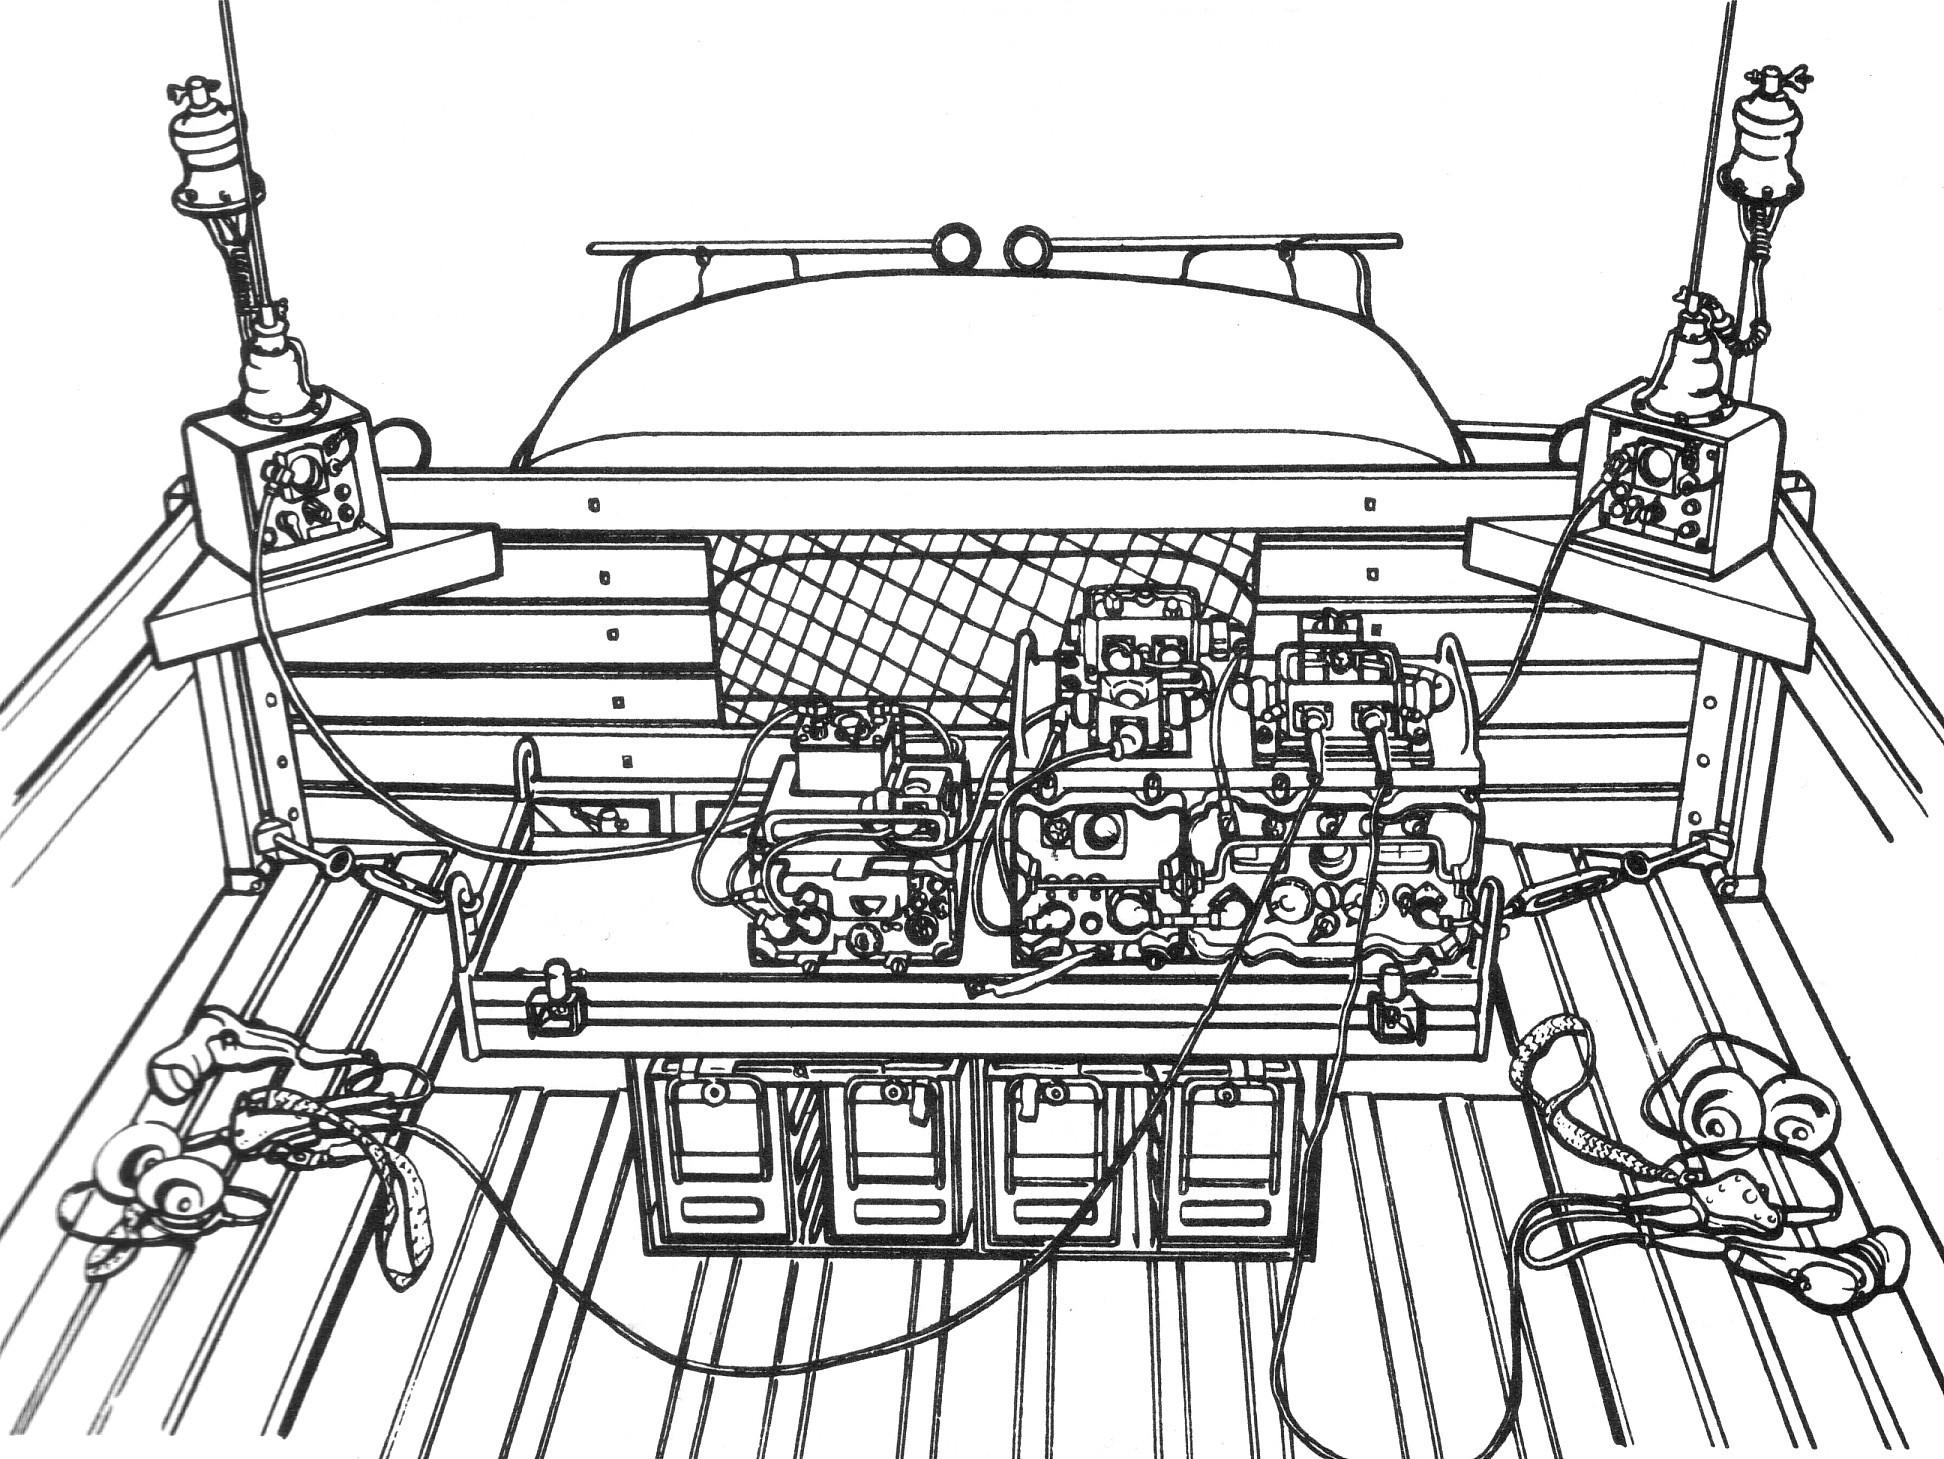 Australian Army Radio Gear For B Class Vehicles Remlr
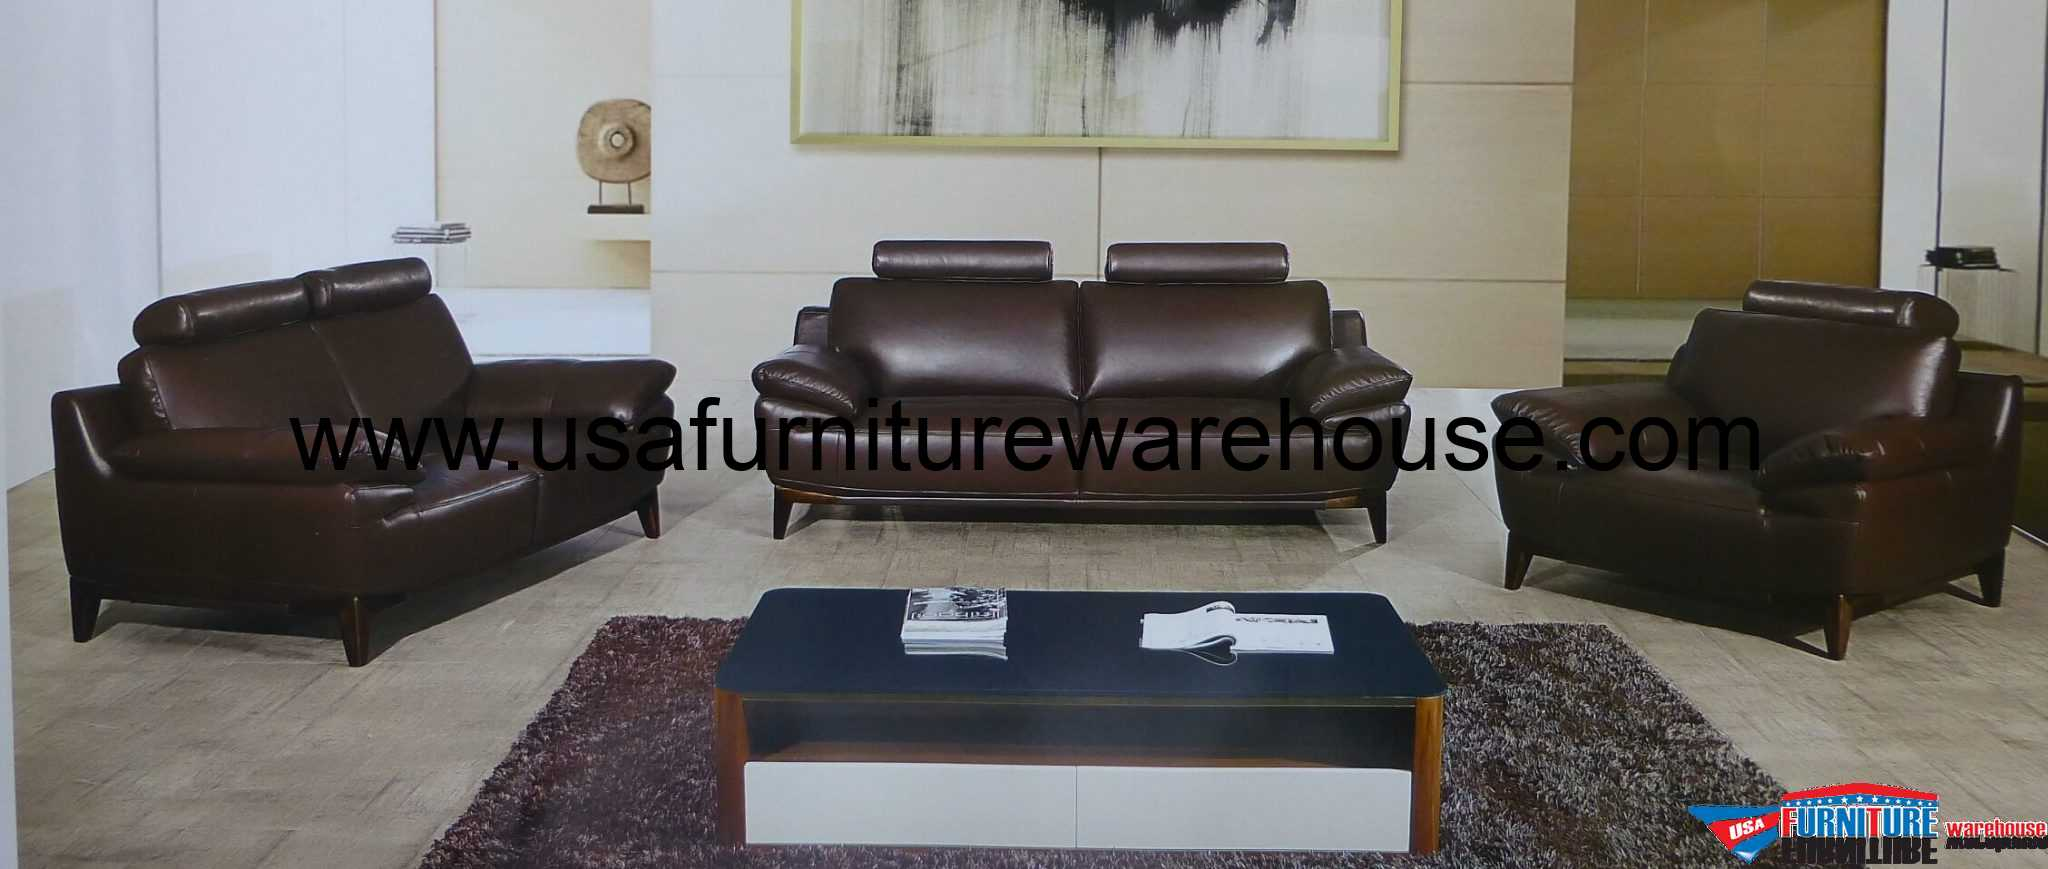 Attrayant USA Furniture Warehouse
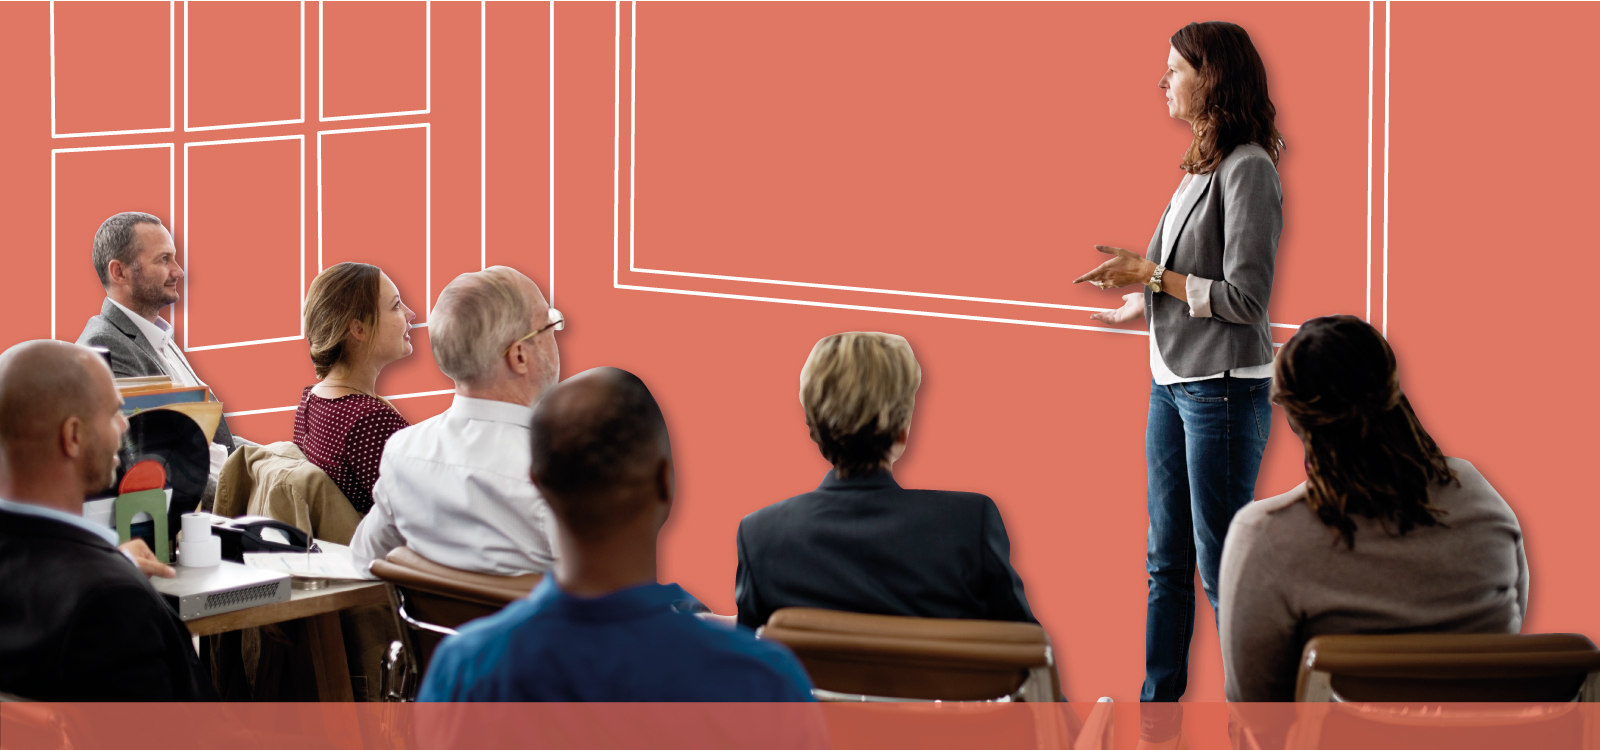 esa-Slide2-CoachingSistemico
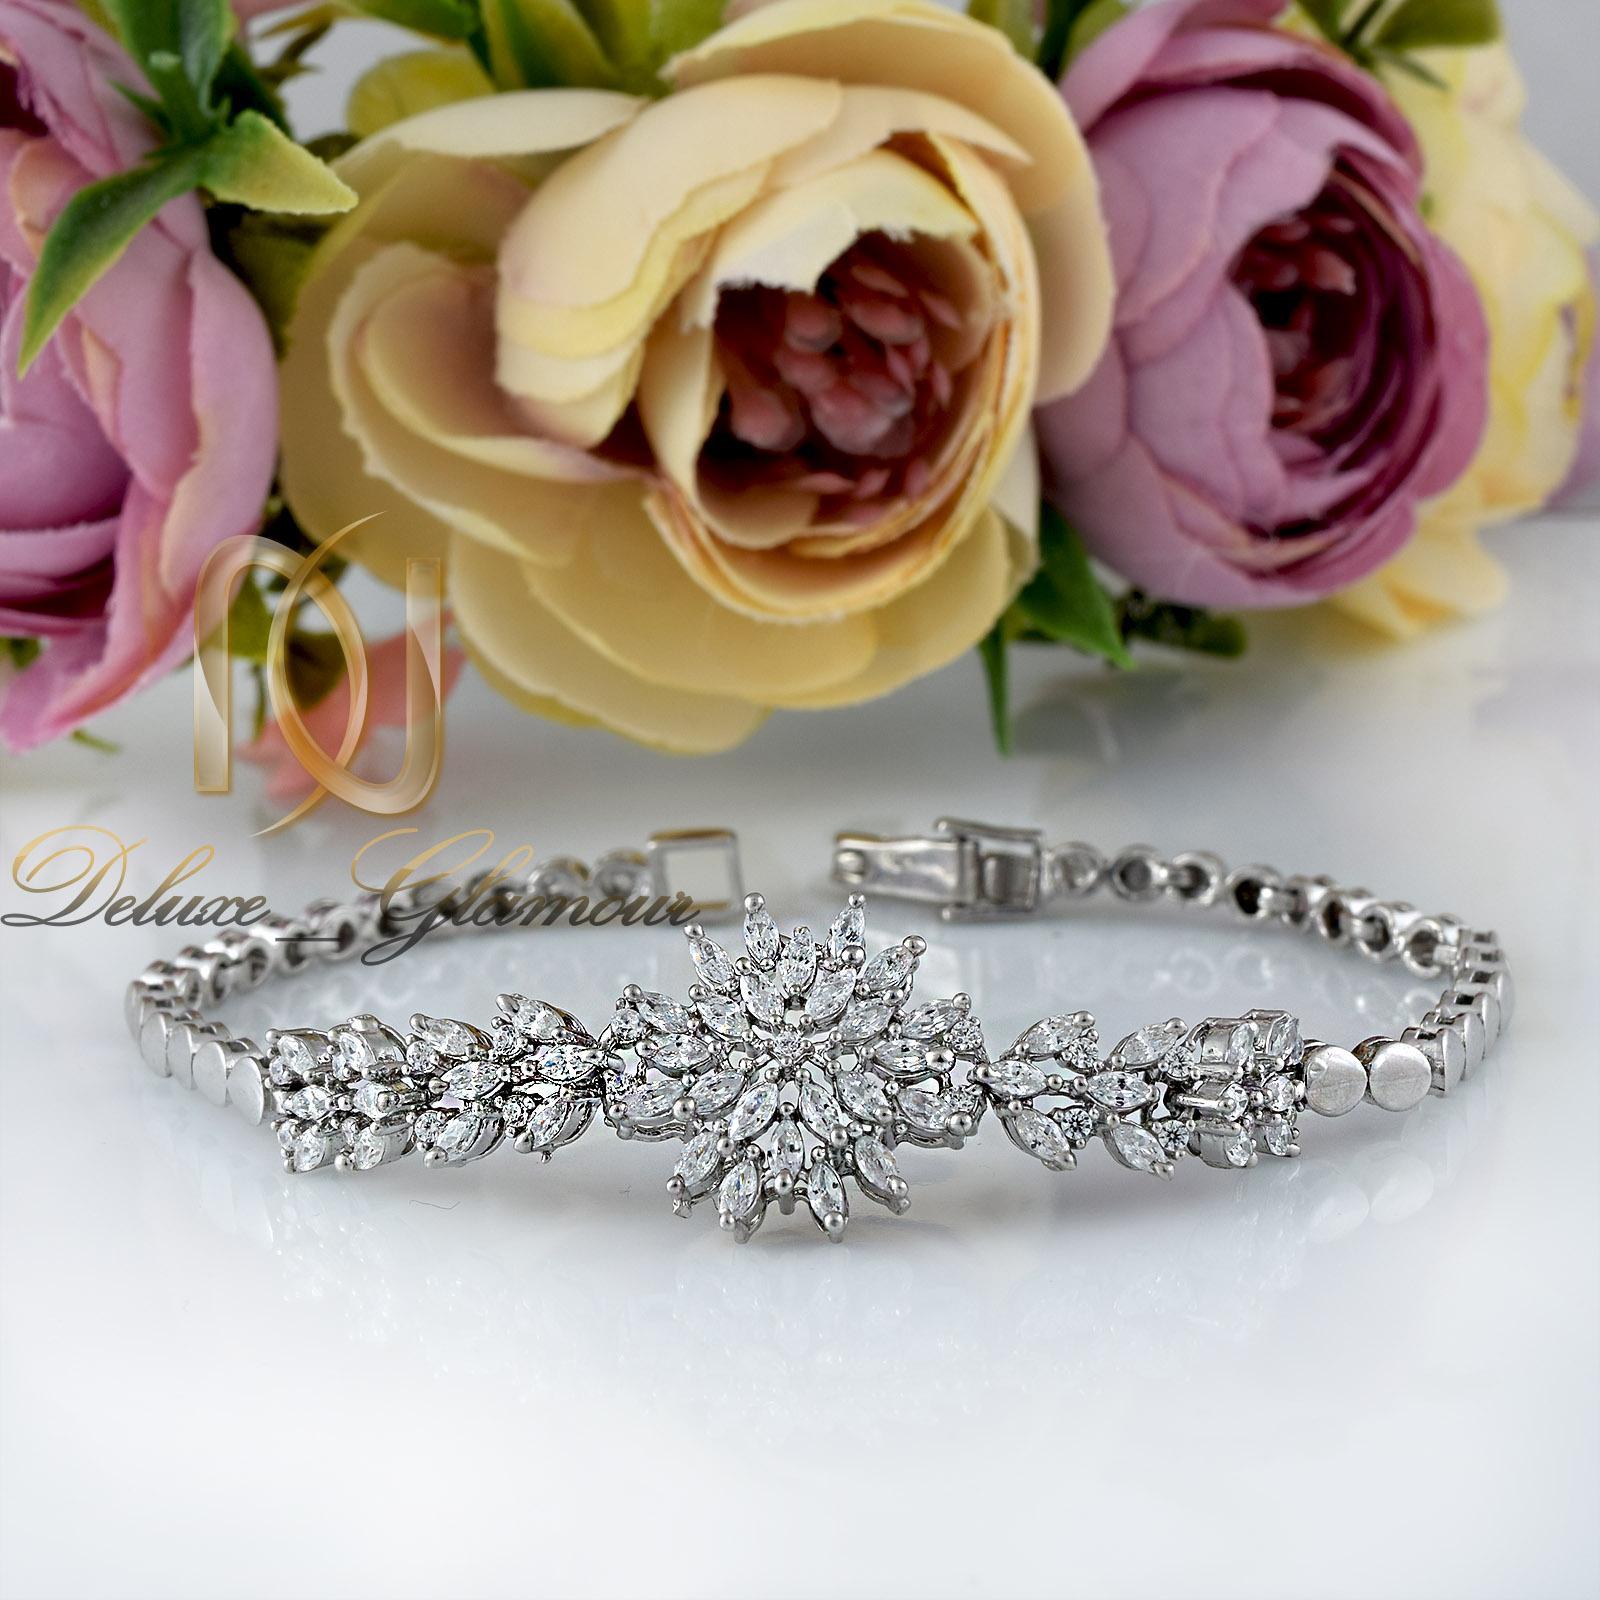 سرویس نقره عروس جواهری طرح هفت ns-n234
^^^^^^^^^^^^^^^^
* Task prompt:
What you return must match the material above exactly, apart from its pictures.

* Written response:
 Australian Army Radio Gear For B Class Vehicles Remlr
 Attrayant USA Furniture Warehouse
 esa-Slide2-CoachingSistemico
 سرویس نقره عروس جواهری طرح هفت ns-n234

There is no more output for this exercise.